What makes a cryptocurrency valuable?
The value of cryptocurrency certainly comes from its usefulness in the market, its supply, demand, and the benefits it gives people, which comes from the aspects of and the extent of the network it has, its innovation and usefulness in business, as well as its features.
The technological value of a coin is not something to ignore in the modern world given that most coins try to solve various technological barriers, for instance in the areas of IoT, and to link technological systems such as fiat money, digital assets, and computer protocols.
An example is IOTA, a protocol that can be used on IoT devices and machines, and for ensuring data integrity in information sharing. Others like Neo integrate digital assets, digital identity, and smart contracts into their platform. Cryptos of the future will have business models and invest in technology that extends current technology and that solves real-world problems.
Cryptocurrencies are censorship resistant, conceal transaction identities to some extent and can't be shut down, which is another aspect that adds in some value. Since they use public ledgers and decentralized systems that eliminate the need for a trusted third party to accomplish transactions, cryptocurrencies are thus thought to have some social value. Cryptos such as Steem interlink social communication channels that people use on a daily basis with digital assets and money, and are thus thought to have good social value.
In addition to providing secure storage and decentralized management of digital assets (without depending on the central bank), they also encourage community contribution and collaboration. Some cryptos have value based on the value of network they have -- number of people using them, the contract and application value and storage value. People are able to come together and collaborate on projects.
Below are some of the things to look for when evaluating the value of any cryptocurrency:
1. Business concept
The purpose and reason for creating the coin determine whether it is appealing and unique or not. This also determines whether people will have any interest in buying it or not.
2. How useful or utility of the coin
Usability and ease of usability of the coin inside the real-world market application are also important because it determines whether or not people will accept it in trade.
3. Nature and extent of its infrastructure
For every valuable coin out there, there has to be enough infrastructures that propel and fuel the concepts and goals ahead for a long time. This includes technology infrastructure to allow linking to other digital systems and related platforms, collaborations with like-minded companies, and investments in related channels.
4. Size of an active community
The larger the number of people backing up the coin right from the crowdsourcing level, the better. The community includes people who are actually using the coin in their platforms, businesses and day to day engagements.
5. How active and knowledgeable the admin is
The power of the development team and administration will determine the success of the coin simply because they hold the future plans, goals, and endeavors of the coin. They are the ones who determine what infrastructures to invest in, what technology systems to work with and whether to continue or stop promoting the business.
6. Supply and demand
The utility and limited supply help in giving value to metals, for instance.

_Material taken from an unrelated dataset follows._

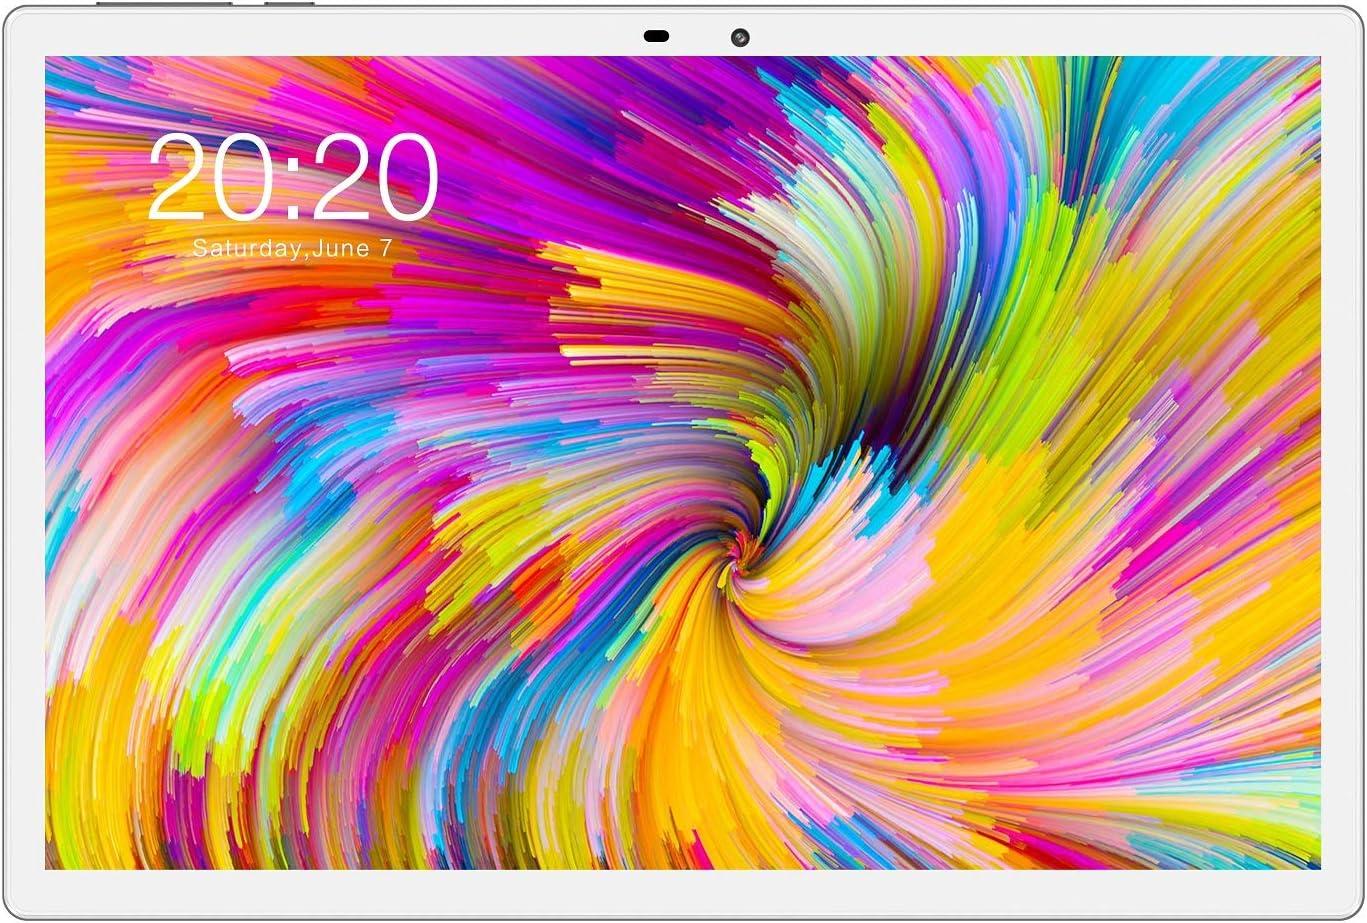 TECLAST M30Pro Tablet PC 10.1 Pulgadas 4GB RAM+128GB ROM FHD 1920x1200, Android 10 Octa-Core 2.0 GHz MTK Helio P60, Bluetooth, 4G Dual SIM/SD, Type-C, 5+8MP Cámara, WiFi+Cellular+GPS, 7500mAh Batería
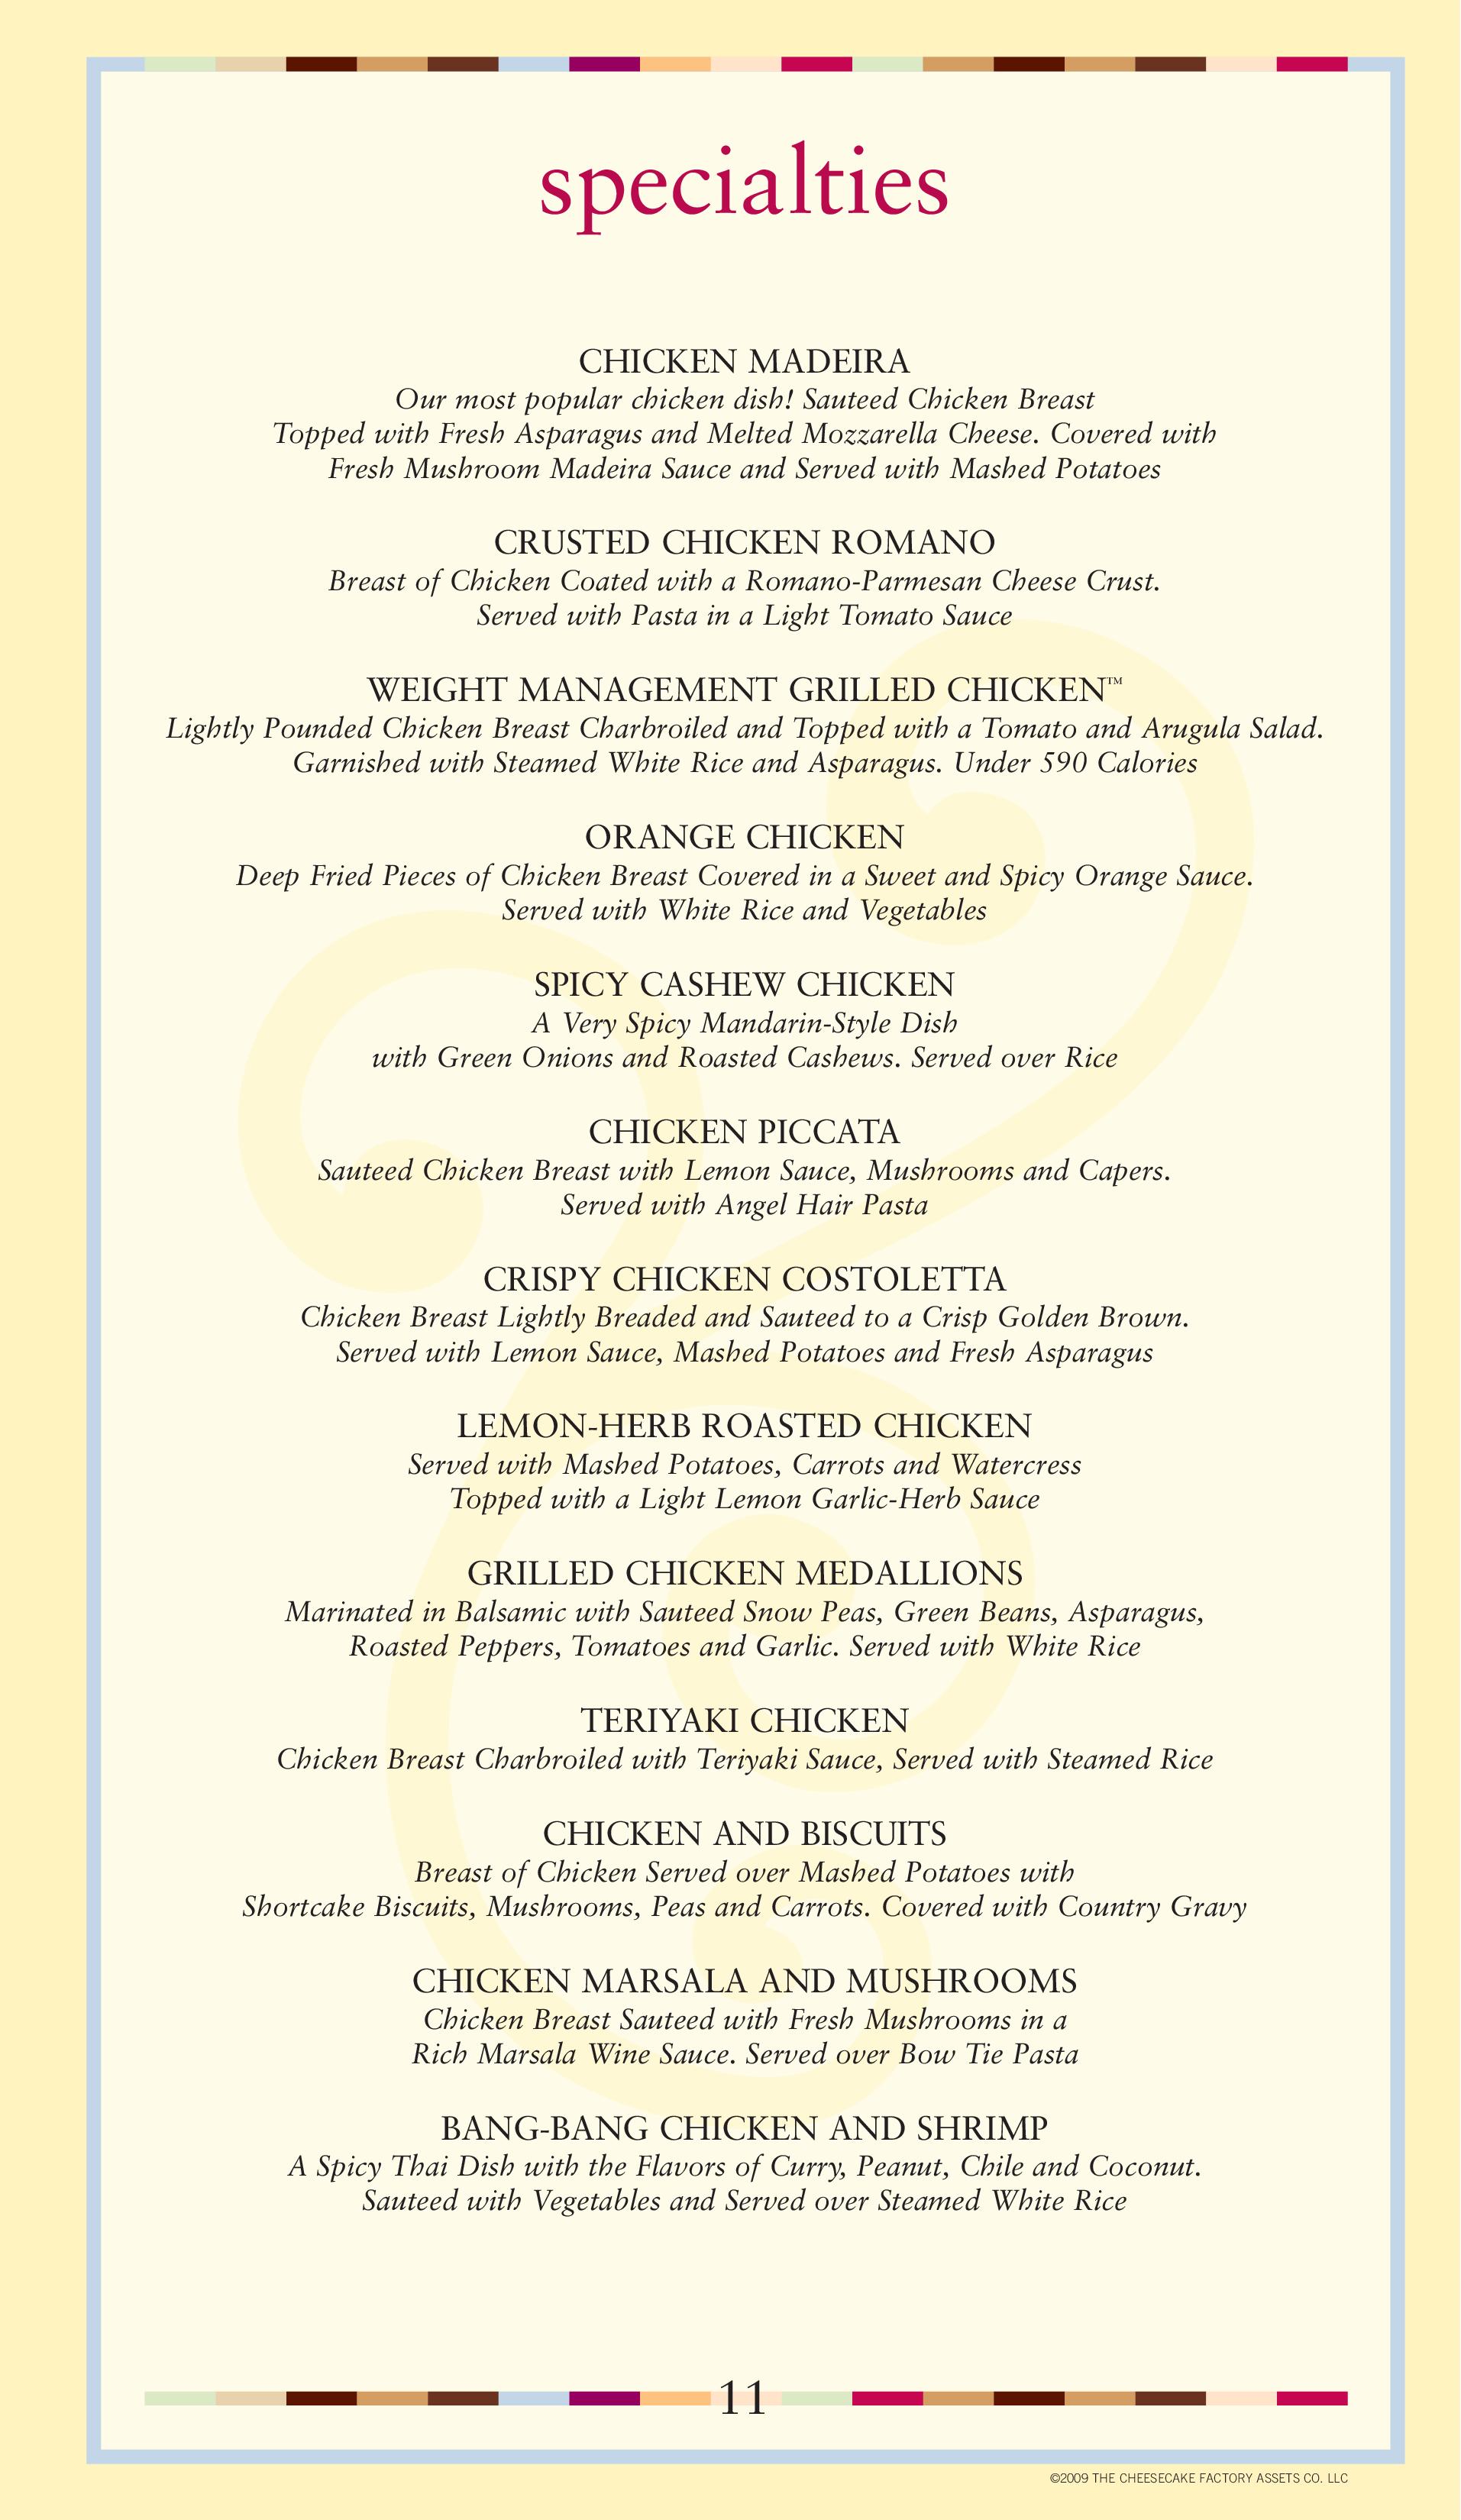 Wild image with printable cheesecake factory menu

A limited supply allows people to pay more to have those coins they think for value and vice versa.
Type and nature of, or influenced by investors
Investors can manipulate and affect the price of a cryptocurrency in various ways. For instance, buying a large percentage of the coin supply and trying to promote good stuff concerning the coin in order to lift the price. By making a large investment in a small coin, an investor attempts to promote and affect the value of the coin. When people see that investors have confidence in a coin, they tend to get encouraged to invest in that currency.
7. Public perception
One of the very important factors in the price of a cryptocurrency is how people react towards a certain coin. The reaction will have either a negative or positive impact on the value of a cryptocurrency.
Other factors that determine value include credibility and trust in the public eye, scams, and history of previous projects run by the administrators or owners of the crypto.